Math coprocessor

Question about which tools to use, bugs, the best way to implement a function, etc should go here. Don't forget to see if your question is answered in the wiki first! When in doubt post here.
Post Reply
Candamir

Math coprocessor

Post by Candamir »

I have googled a bit about the math coprocessor of Intel (x87), but I still have some doubts. Is this coprocessor automatically called by the CPU when requested to perform a floating point operation or must I write a "math server" for my microkernel in order to use this device?

Candamir
durand
Member
Member
Posts: 193
Joined: Wed Dec 21, 2005 12:00 am
Location: South Africa
Contact:

Re:Math coprocessor

Post by durand »

The math coprocessor is automatically called BUT, just like the CPU, it only has one set of working registers and it's state needs to be initialized, saved and restored for each thread which will be using it.
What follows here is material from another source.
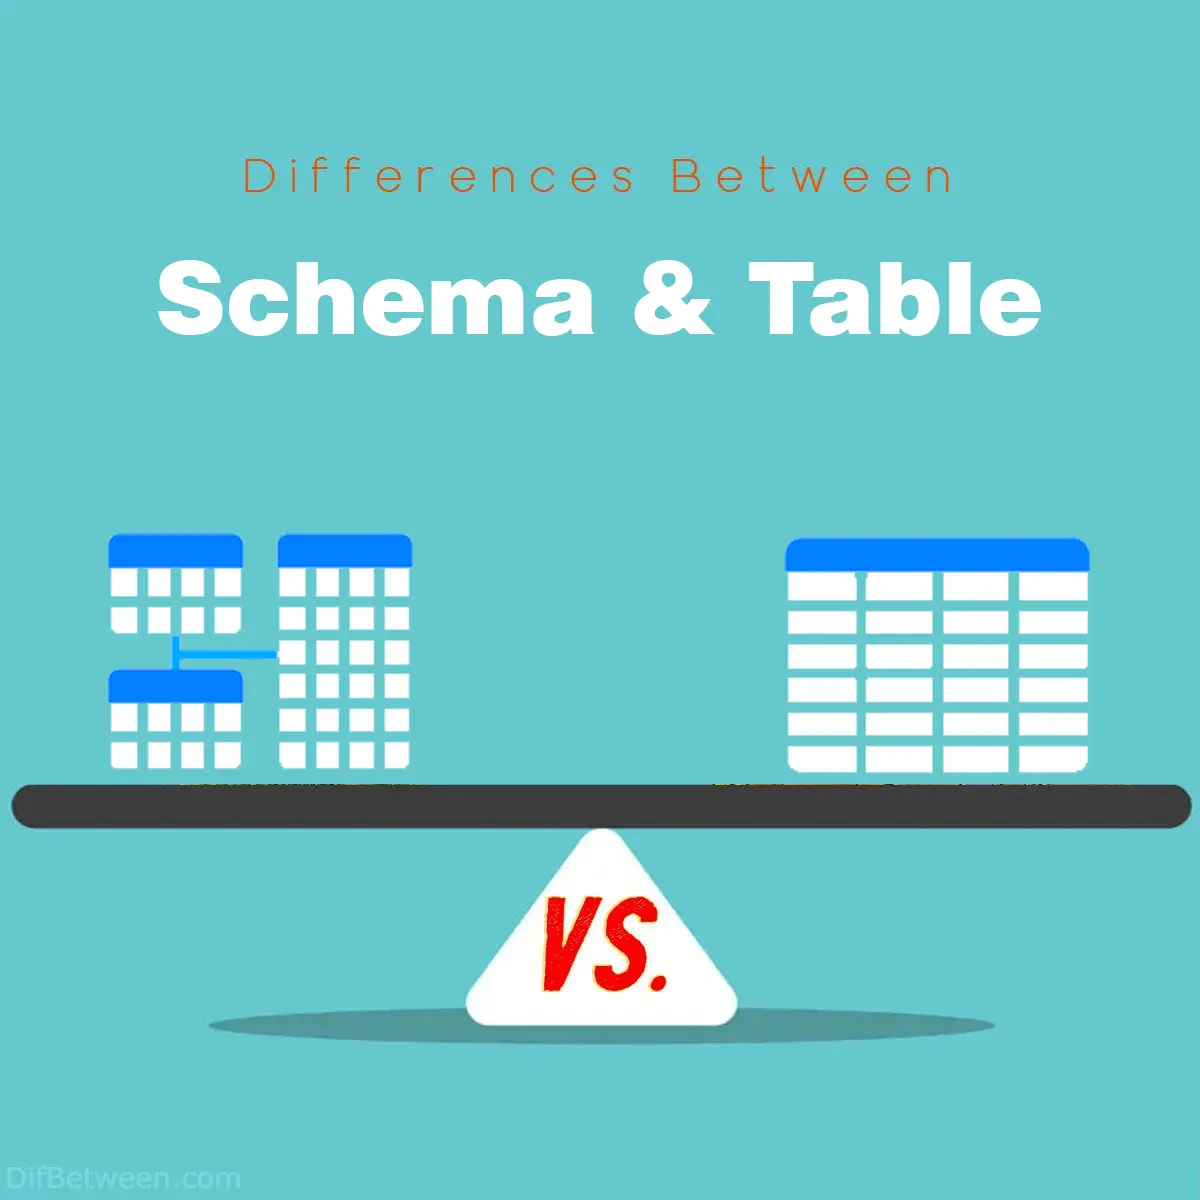 Differences Between Schema vs Table

So, for each thread, you need to provide a 512 byte memory location into and out of which you can FXSAVE and FXRSTOR (fast versions of the FPU save and restore operands. These need to be enabled in CR4). The FPU needs to be initialized before each thread uses it using the FINIT. Initialization only needs to occur at the launch of the thread. Thereafter, you save and restore the FPU state from the buffer as you context switch in and out of the thread execution.
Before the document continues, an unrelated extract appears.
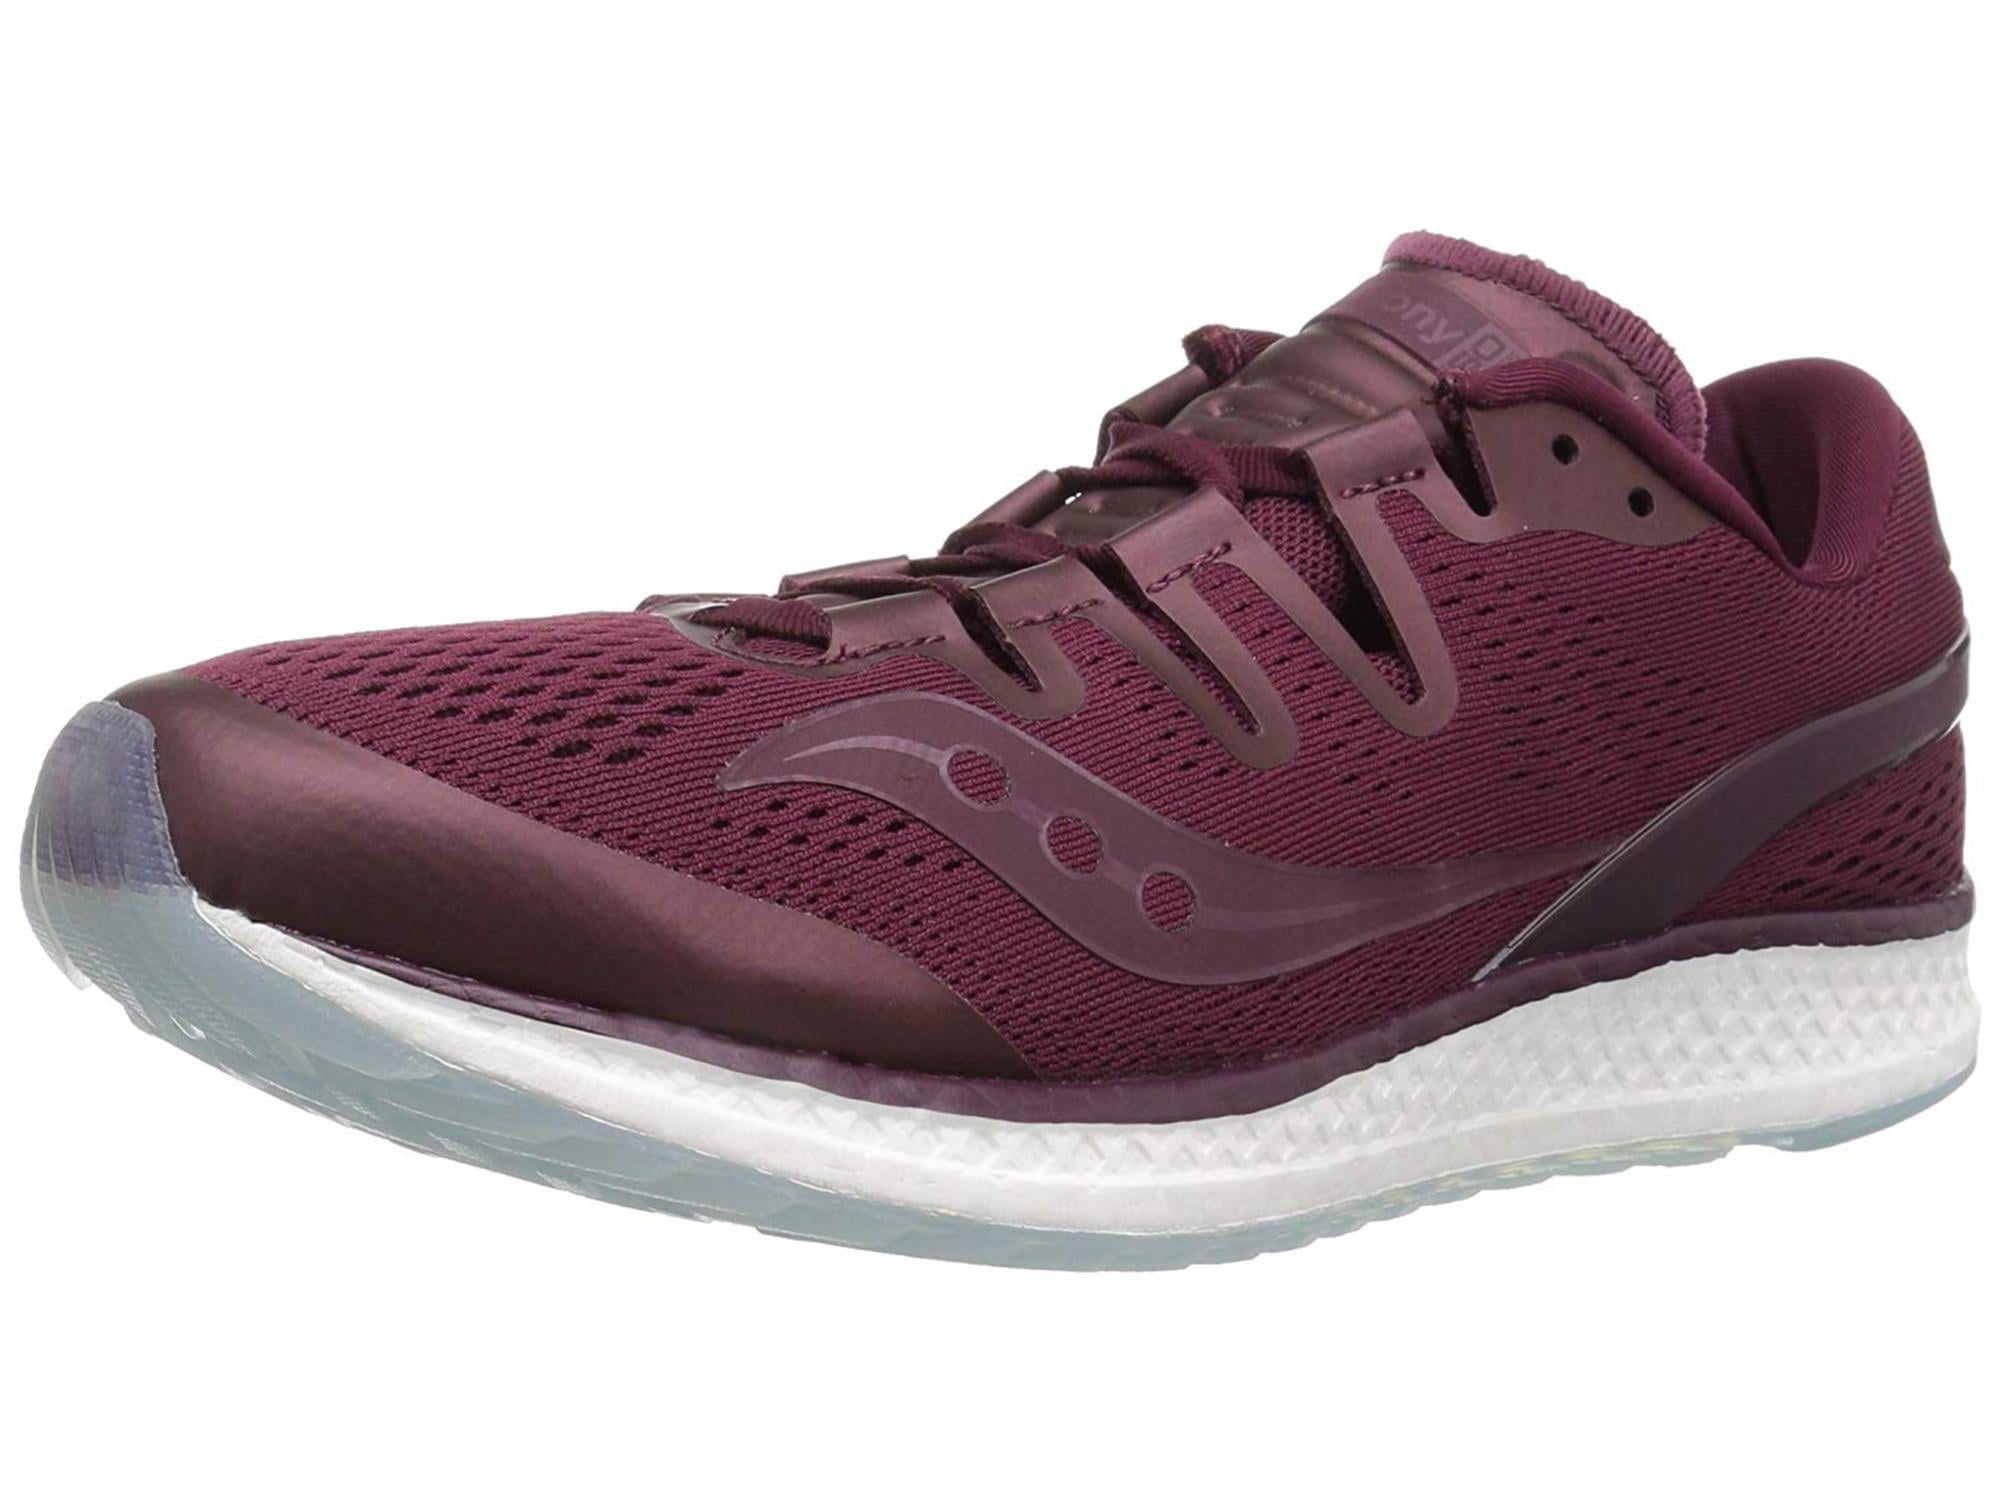 saucony shoes cheap canada

You can also set some bits in CR0 to generate a device-not-found exception whenever a thread attempts to use the FPU. (bits 1 and 5). Using this exception, you can prevent having to finit, fsave, frstor until a thread actually accesses it. When it does access the FPU and cause an exception, you can FINIT if it's the first time, and then start the FPU state saving/restoring for that particular thread. In this way, you prevent the overhead of providing a feature which only a few threads will use and you still only incur a slight penalty when it initially uses an FPU operand.
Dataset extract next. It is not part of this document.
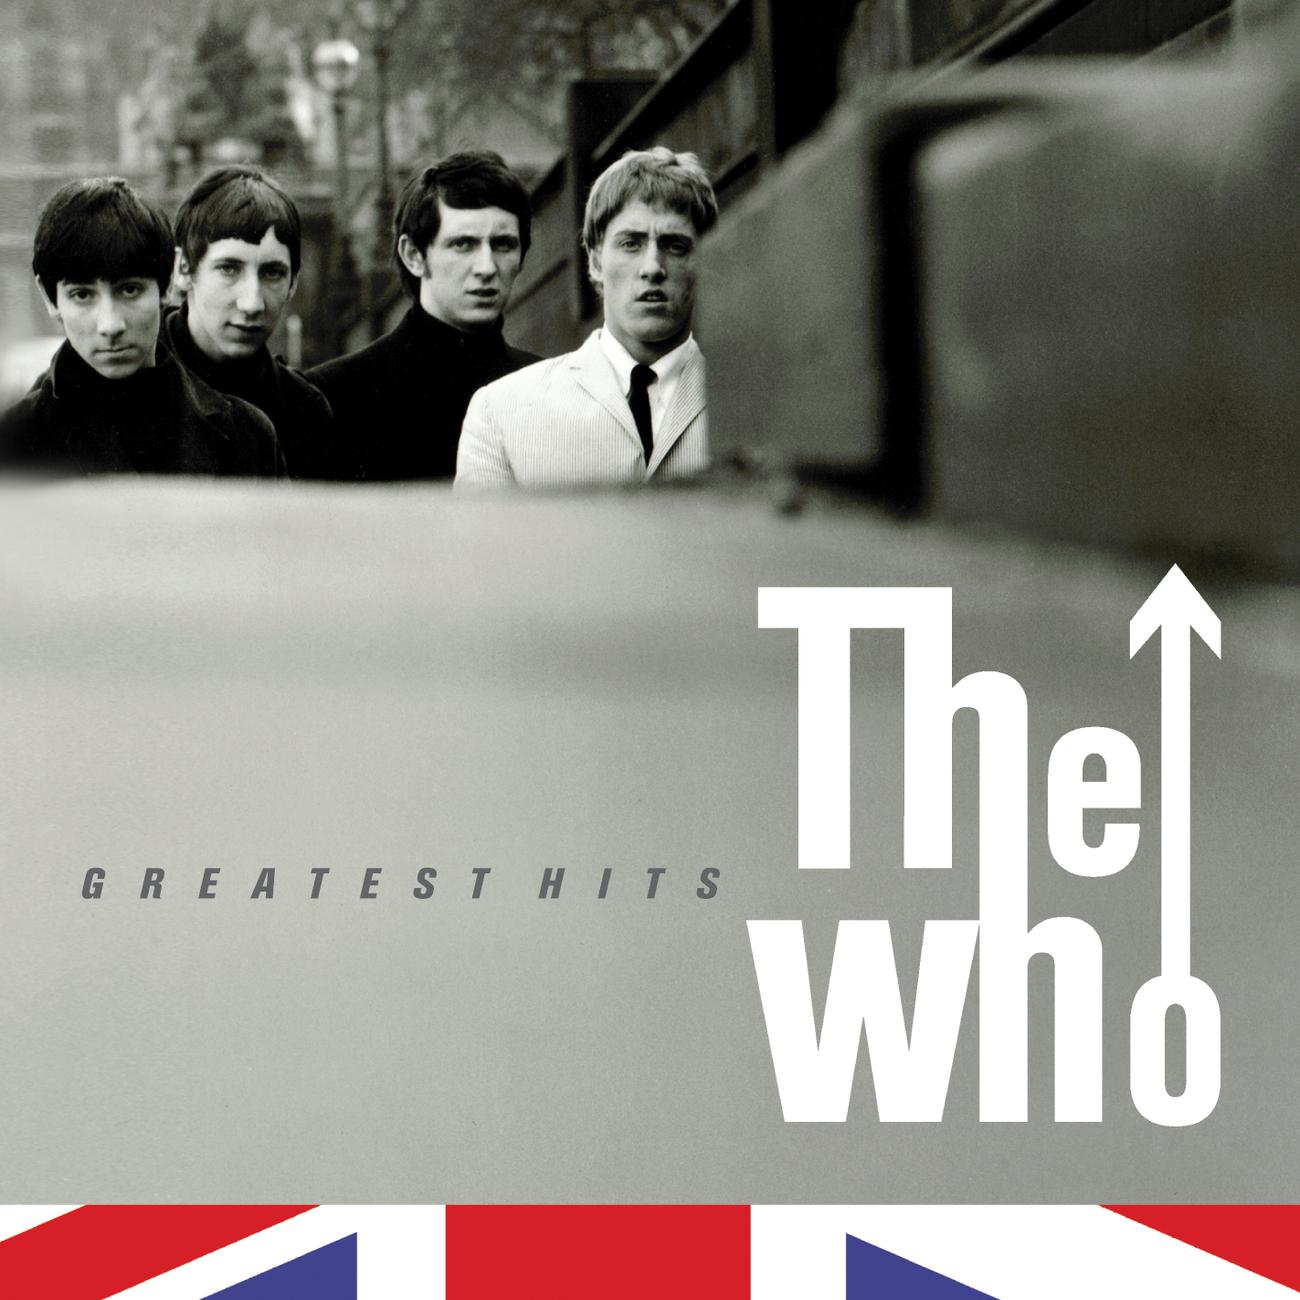 The who collection the who. The who 1965. Группа the who. The who альбомы. The who фотоальбомов.

The FPU FXSAVE, FXRSTOR operands also save the SSE, SSE2, MMX and 3DNow! registers into this byte buffer. You'll be providing access to all these CPU features if you implement FPU support.
User avatar
kataklinger
Member
Member
Posts: 381
Joined: Fri Nov 04, 2005 12:00 am
Location: Serbia

Re:Math coprocessor

Post by kataklinger »

durand wrote: You can also set some bits in CR0 to generate a device-not-found exception whenever a thread attempts to use the FPU. (bits 1 and 5). Using this exception, you can prevent having to finit, fsave, frstor until a thread actually accesses it. When it does access the FPU and cause an exception, you can FINIT if it's the first time, and then start the FPU state saving/restoring for that particular thread. In this way, you prevent the overhead of providing a feature which only a few threads will use and you still only incur a slight penalty when it initially uses an FPU operand.
On a SMP system, this is a little harder to do. And I still haven't got any good solutions for that problem...
durand
Member
Member
Posts: 193
Joined: Wed Dec 21, 2005 12:00 am
Location: South Africa
Contact:

Re:Math coprocessor

Post by durand »

I don't think there is a problem. A thread can only run on one CPU at a time even if there are multiple CPUs. An exception is generated on the same CPU that the offending thread is running.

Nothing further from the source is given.